--- REQUIRED WORK ---
Copy the listing exactly; drop the pictures.

--- RECORDED INFORMATION ---
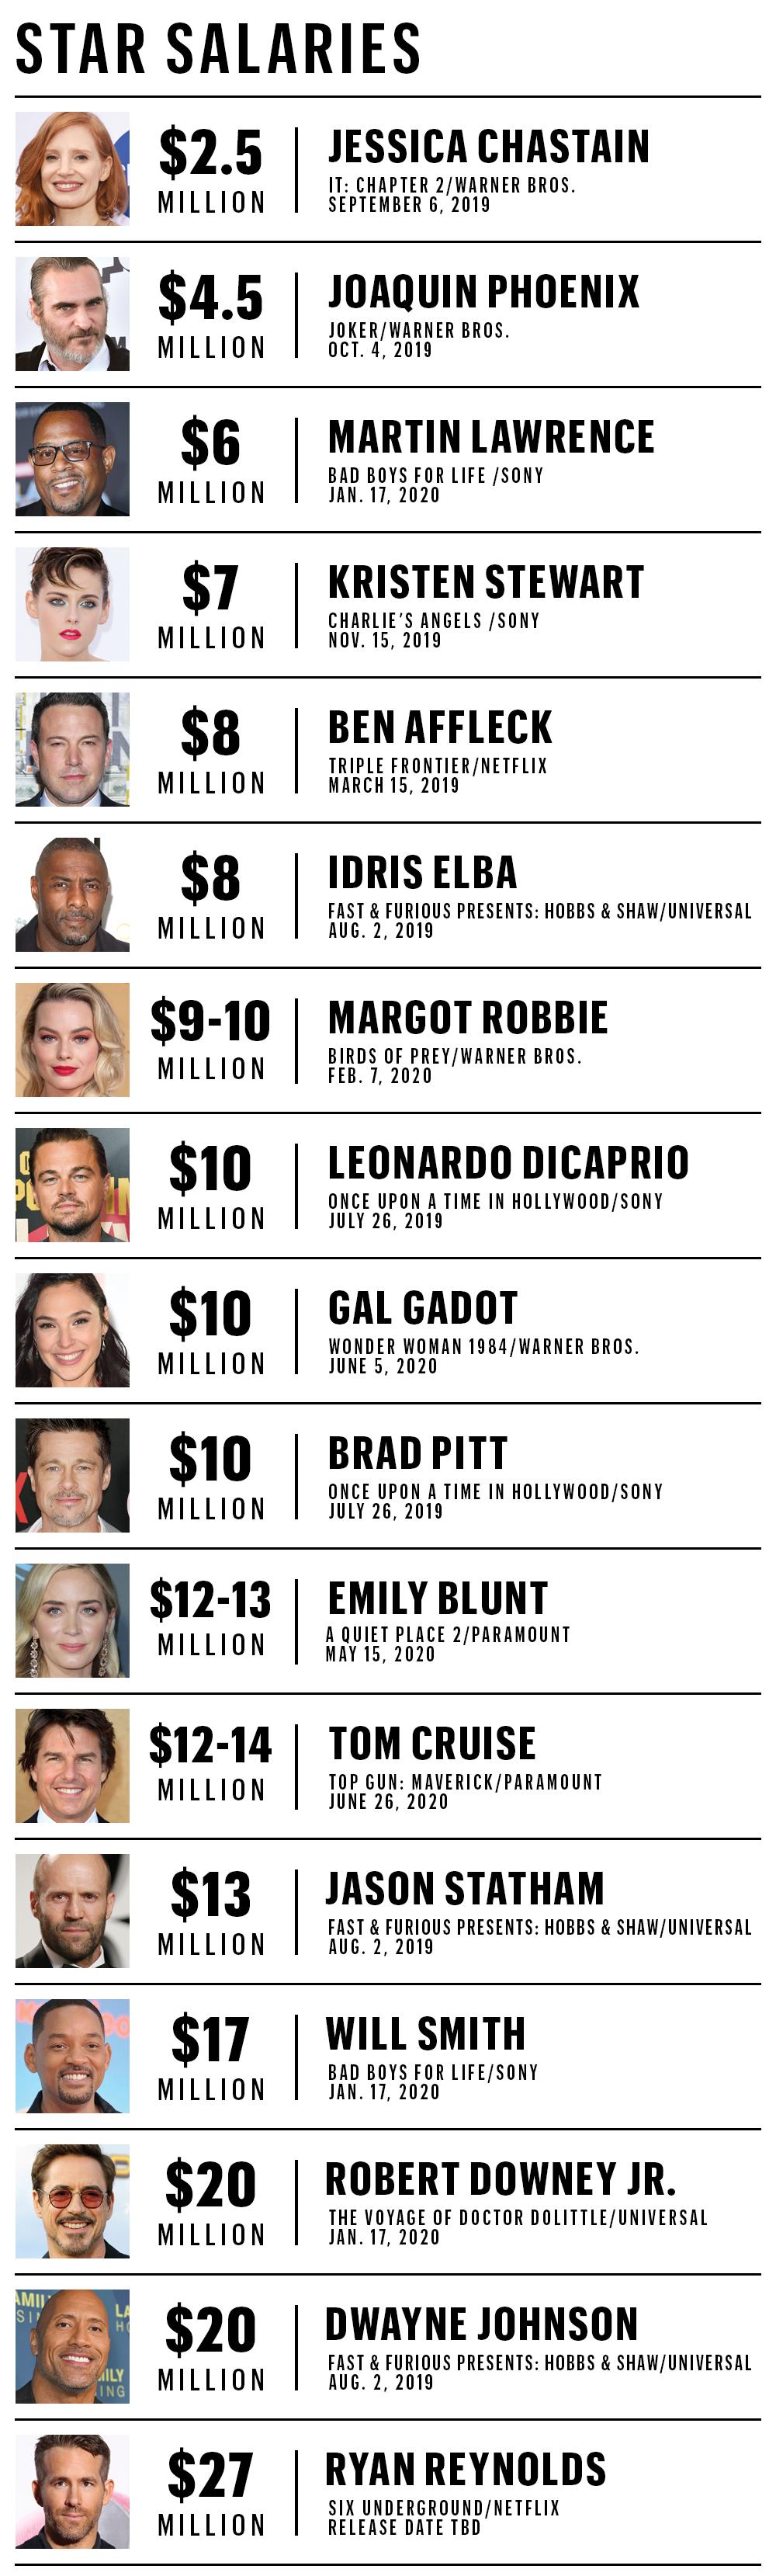 دستمزد تعدادی از بازیگران مشهور هالیوود در سال ۲۰۱۹ مشخص شد
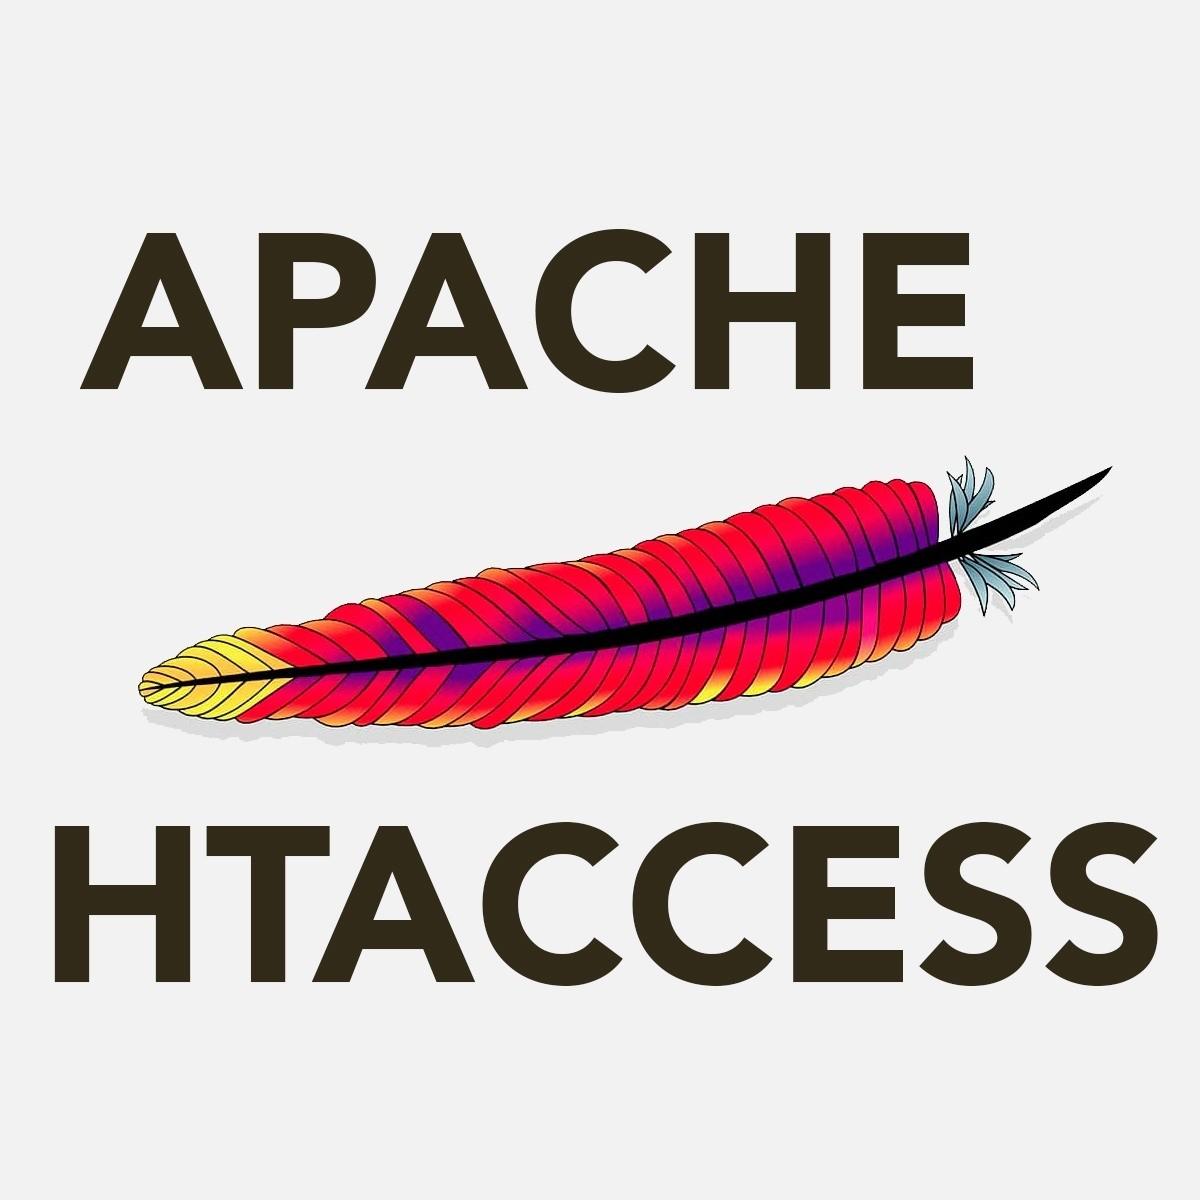 Optimizar y editar el archivo .htaccess. Uso cache htaccess. Incrementar velocidad y rendimiento web. Aumentar seguridad web. Mejorar SEO. Usar cache en servidor.
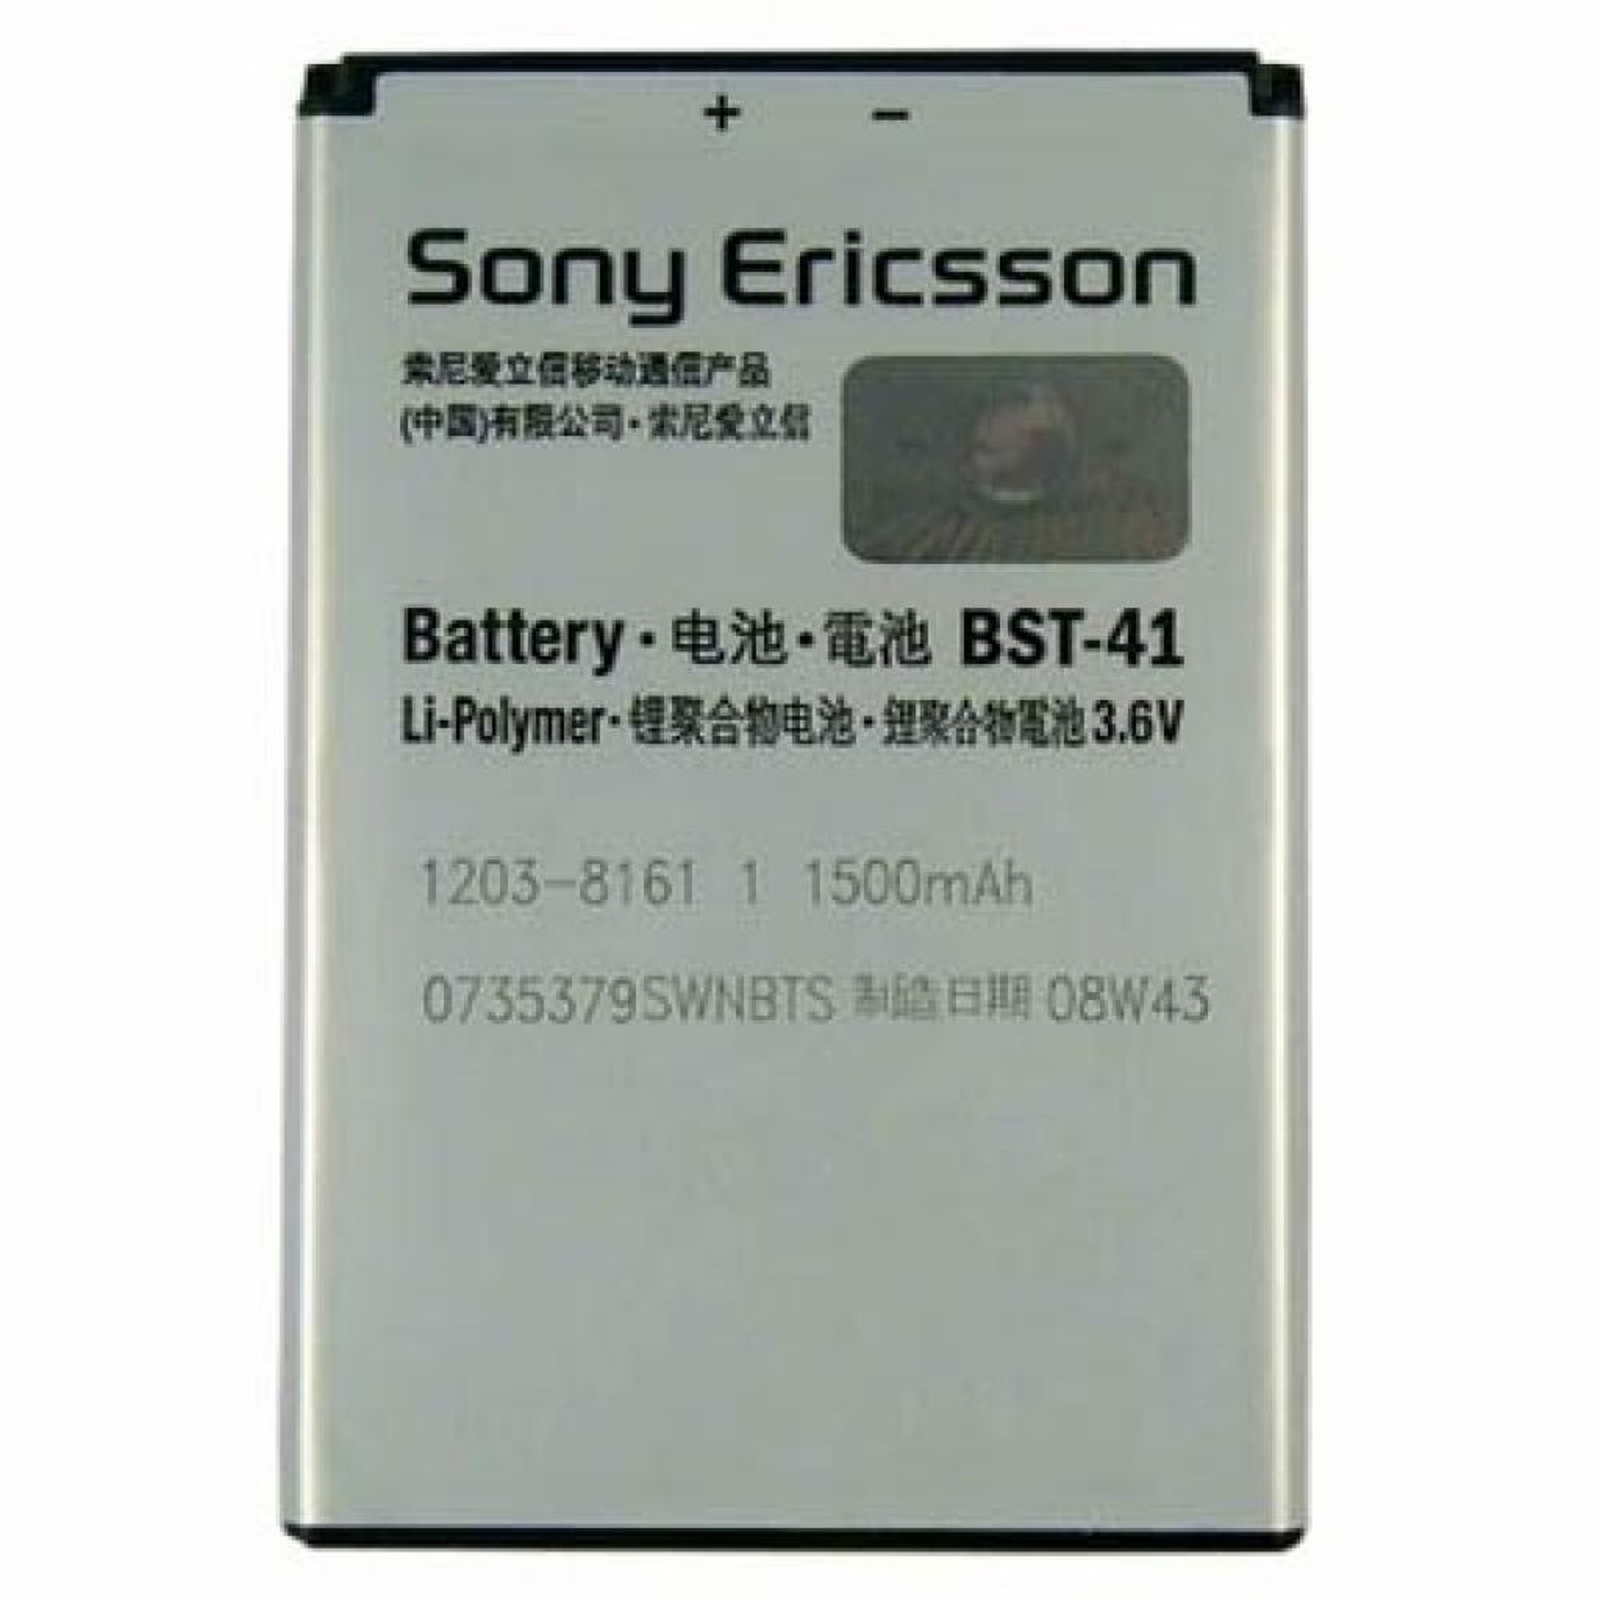 Аккумуляторная батарея SonyEricsson BST-41
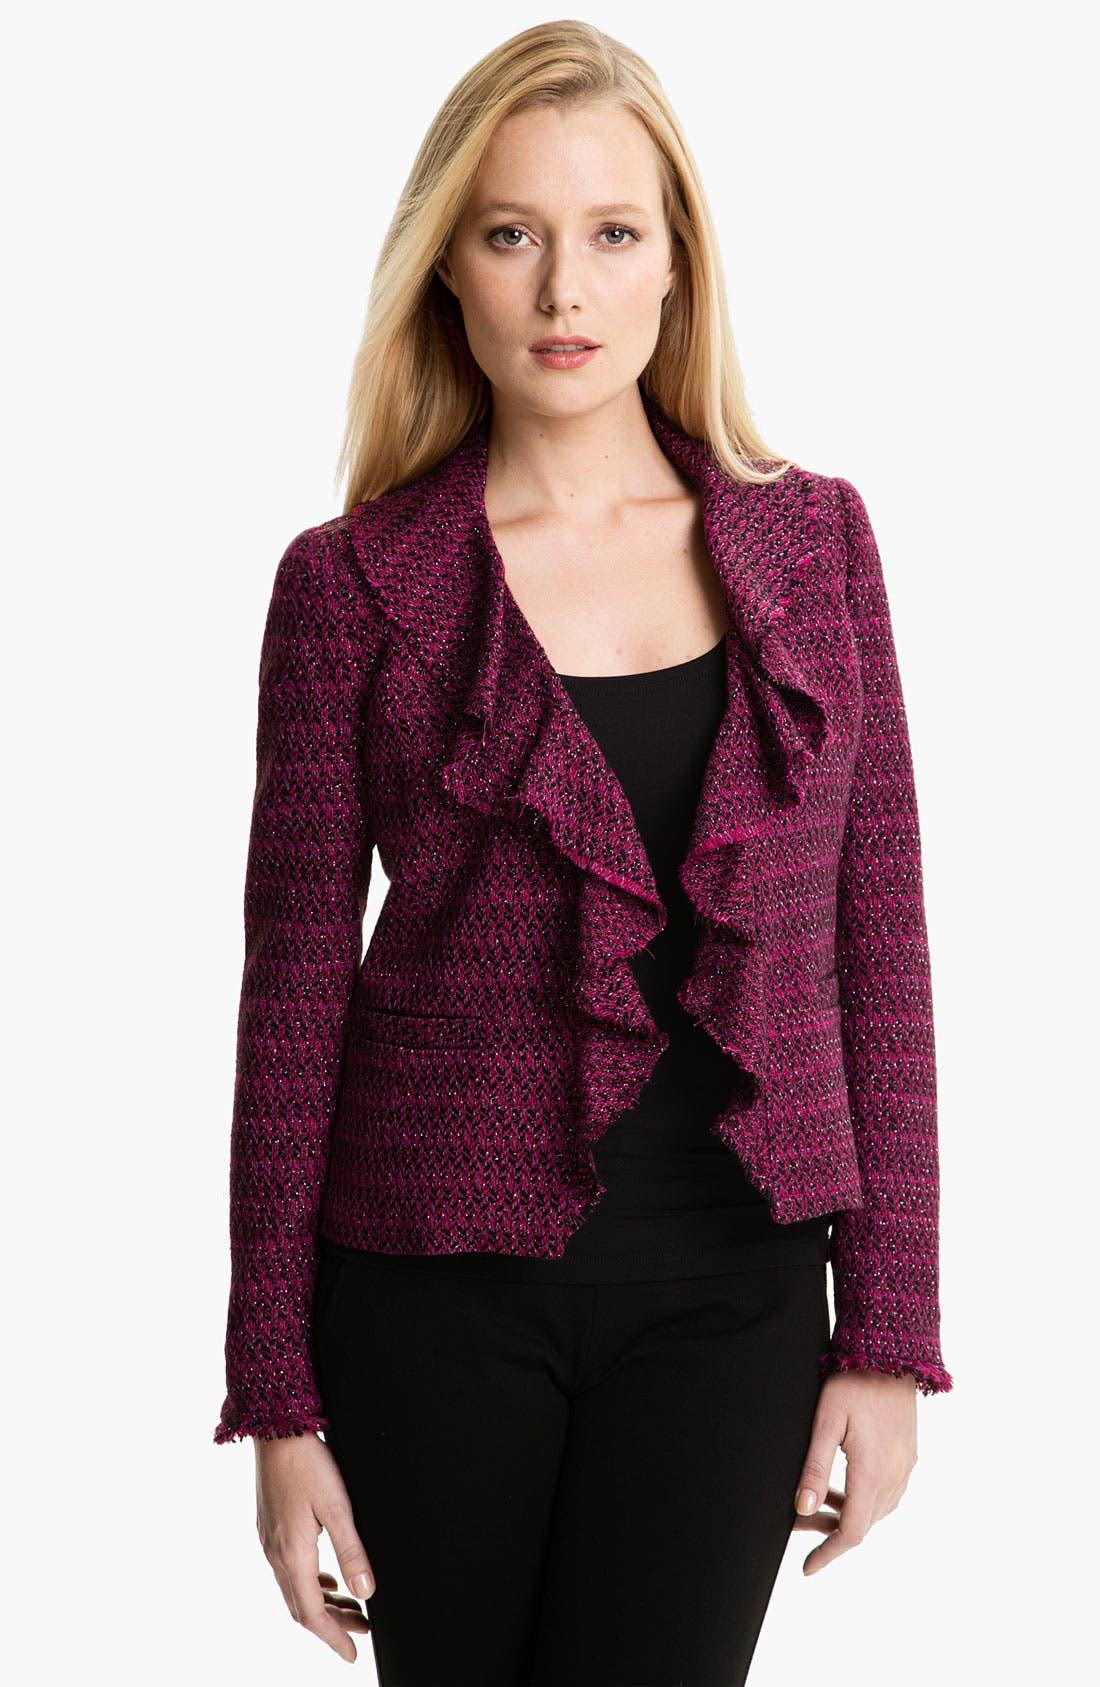 Alternate Image 1 Selected - Bellefleur 'Society' Tweed Jacket

--- TASK RESPONSE ---
 دستمزد تعدادی از بازیگران مشهور هالیوود در سال ۲۰۱۹ مشخص شد
 Optimizar y editar el archivo .htaccess. Uso cache htaccess. Incrementar velocidad y rendimiento web. Aumentar seguridad web. Mejorar SEO. Usar cache en servidor.
 Аккумуляторная батарея SonyEricsson BST-41
 Alternate Image 1 Selected - Bellefleur 'Society' Tweed Jacket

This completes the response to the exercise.